While the people’s war in Nepal was reaching strategic equilibrium with the reactionary state, it seemed as if the RIM was poised to take a new leap in the early 2000s as well. In the US, the RCP, USA was playing a leading role in parts of the protest movement against the Iraq war, an important step for a Maoist party in an imperialist country. After periods of setbacks and/or disorientation, Afghani and Iranian revolutionaries had announced the formation of new RIM member parties and devoted themselves to solving the thorny questions of revolution in those countries.19 The Maoist Communist Party of Turkey and North Kurdistan announced its formation in 2002, with an intention to retake the road of armed struggle.

In this period, South Asia seemed poised to emerge as a revolutionary storm center. In addition to the spectacular advances in Nepal, fratricidal violence between communists in India had ceased, and Indian Maoist organizations inside and outside of the RIM were moving towards closer unity. The strength of the South Asian revolutionary movement was expressed in a new organization, the Coordination Committee of Maoist Parties and Organizations of South Asia (CCOMPOSA), which promised greater political coordination among the burgeoning Maoist movement, including the CPN(M) and revolutionaries from India, Bangladesh, and at various times Sri Lanka and Bhutan.

At the height of the revolution in Nepal, despite the potential for real advances, fierce line struggles and centrifugal forces were pulling apart the RIM. A core part of the leadership of the CPN(M), concentrated around Pushpa Kamal Dahal (Prachanda) and Baburam Bhattarai (who had long advocated the bourgeois position of multi-party democracy under socialism), united with the bourgeois political parties against the monarchy. They signed a peace accord which handed over the weapons of the People’s Liberation Army (PLA) and had the PLA stationed in UN-supervised cantonments (before the PLA was dissolved altogether). While important leaders of the CPN(M) were imprisoned in India, Prachanda and Bhattarai dutifully exchanged the blood of the revolutionary Nepali people for cushy jobs in the new bourgeois government (and increasingly became subservient to Hindu-fascist Indian expansionism).

At the same time as the long betrayal in Nepal was underway, the RCP, USA was in the process of proclaiming its founder and Chairperson, Bob Avakian, to have developed a New Synthesis of communism.
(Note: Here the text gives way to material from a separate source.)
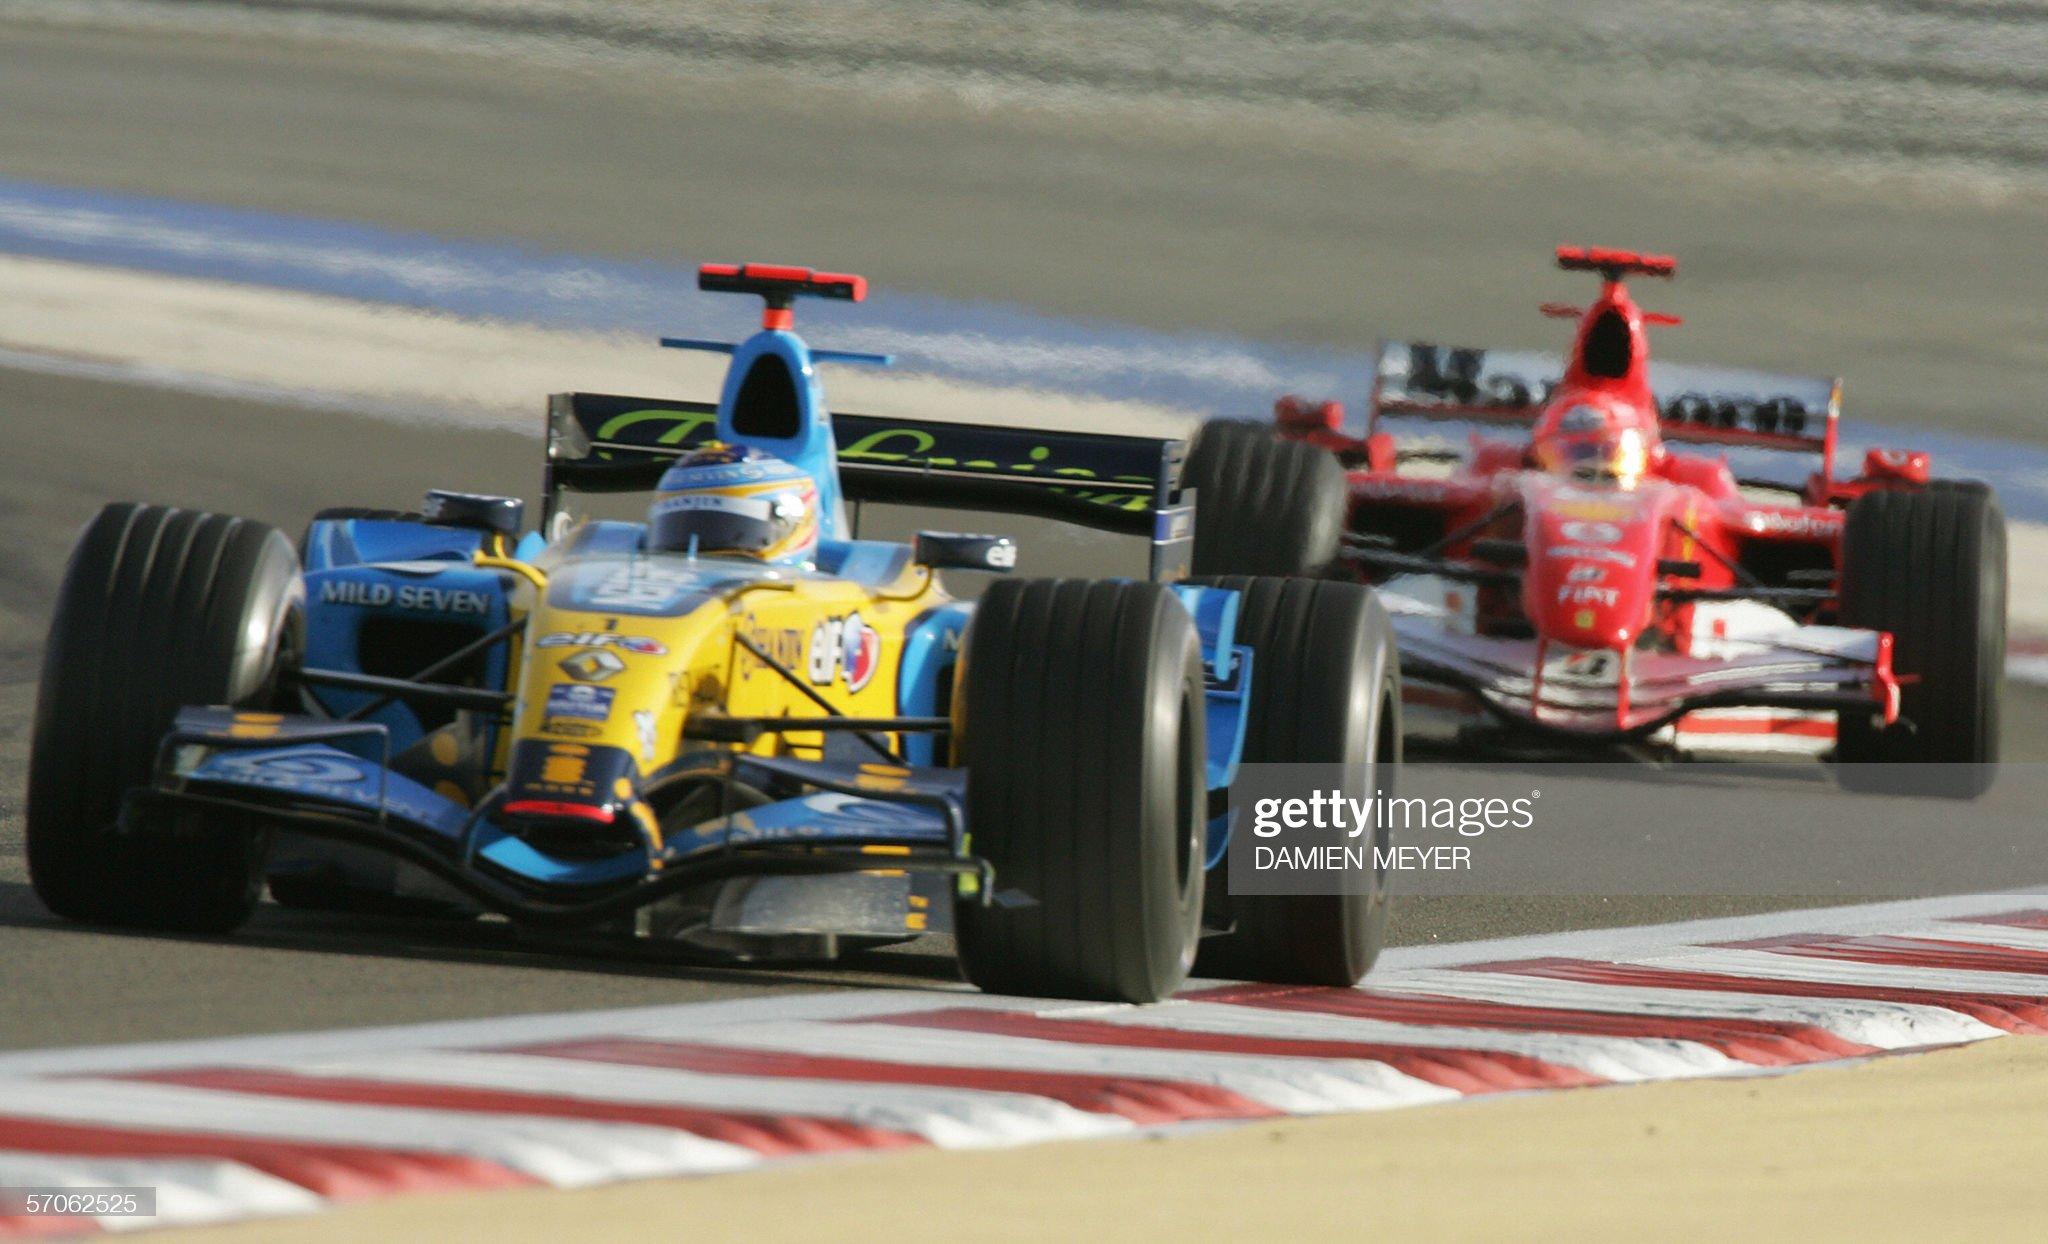 manama-bahrain-spanish-renault-driver-fe

They proclaimed that the adoption of that synthesis was a dividing line for the whole of the international communist movement, a bizarre and farcical repetition of the worst aspects of the Peruvian experience without even the dignity of immediate actuality.

The betrayal in Nepal and the degeneration of the RCP, USA would catalyze the end of the already weakened RIM. The final issue of AWTW was published in 2006, and the last CoRIM statement that I’m aware of was issued in 2007. By 2012, an international conference initiated by Indian comrades declared the RIM no longer existed and offered some initial summations. It’s a blight on the legacy of the RIM that the level of disunity was so great that the CoRIM couldn’t even issue a simple statement declaring that the RIM no longer existed. This article, and my understanding, owes a debt to those comrades who have offered some summation of the RIM experiences. It would be invaluable to the international communist movement today if other comrades who were involved in the RIM or AWTW would offer their summations, so we can better synthesize those lessons going forward.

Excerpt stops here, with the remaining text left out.